My problems stems from a violent childhood which basically damaged my sense of self and made me create my "own world mentally". Cause there was always something wrong,something bad or whatever else and I couldn't do anything about it, I became a person who lived in a world where I can always think about my problems,control them and be angry at them. With that I was also an extremely insecure person due to my loss of sense of self. I thought negatively,angry,about problems and was so insecure that I basically created a life based on those issues so I would not be harmed. I used my mom for protection or decisions and didn't do much besides that. I was able to enjoy myself within my "life" because that is who I thought I was. When I became an adult and started to "move on" suddenly I got anxiety. Obviously I could see why I got it. But then any issue where I had to have some sort of self strength became a problem. Speaking in front of people,Dr. visits etc. I also had a problem with relationships. I would mentally get really angry at the girl for certain reasons til I left them. I never phyisically abused anyone but it was like my mind was trained to hate relationships like I hated my parents one and I didn't want to be fooled. The bottom line now is that through psychotherapy I have realized all of these issues and have come really far, however I feel that ever since leaving my "insecure life" my issues have gotten worse because I do things "on my own" and I am going against the grain 24/7. I trained my mind to think negative,be insecure,be angry,control my fears and be scared to protect myself.
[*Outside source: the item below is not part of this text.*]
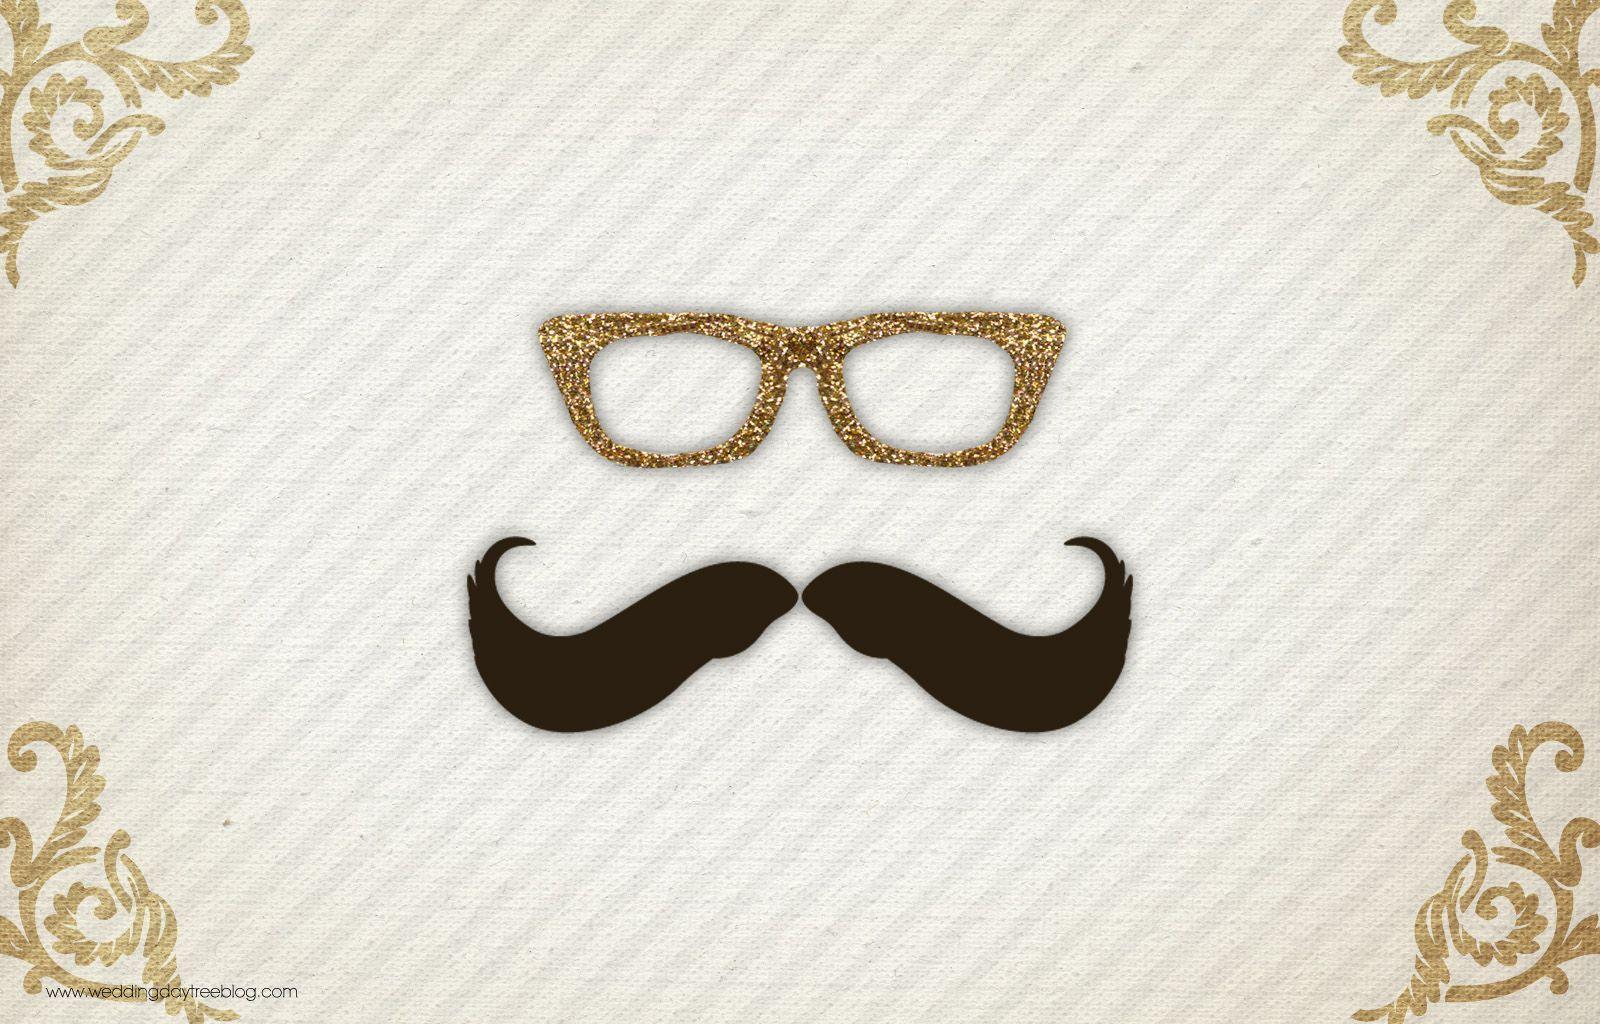 Cute Mustache Wallpapers For Iphone Mustache Desktop Backgrounds Wallpaper Cave

I have one of those thought running through my mind mostly all day and it's that that is keeping me from enjoying myself and doing other better things. I'd like to know if there is something to do or take to straighten out the warped way of thinking and feeling that I created from reacting to early childhood violence. Than You
|Tim W Latsko - Thu Jan 01, 2009 10:39 am||
Clearly you have considerable insight and are motivate to continue treatment; in reviewing your post it seems like you have answered your question; which was to see a psychiatrist for pharmological treatment and may I recommend continue with your psychotherapy. r/tim keep us posted.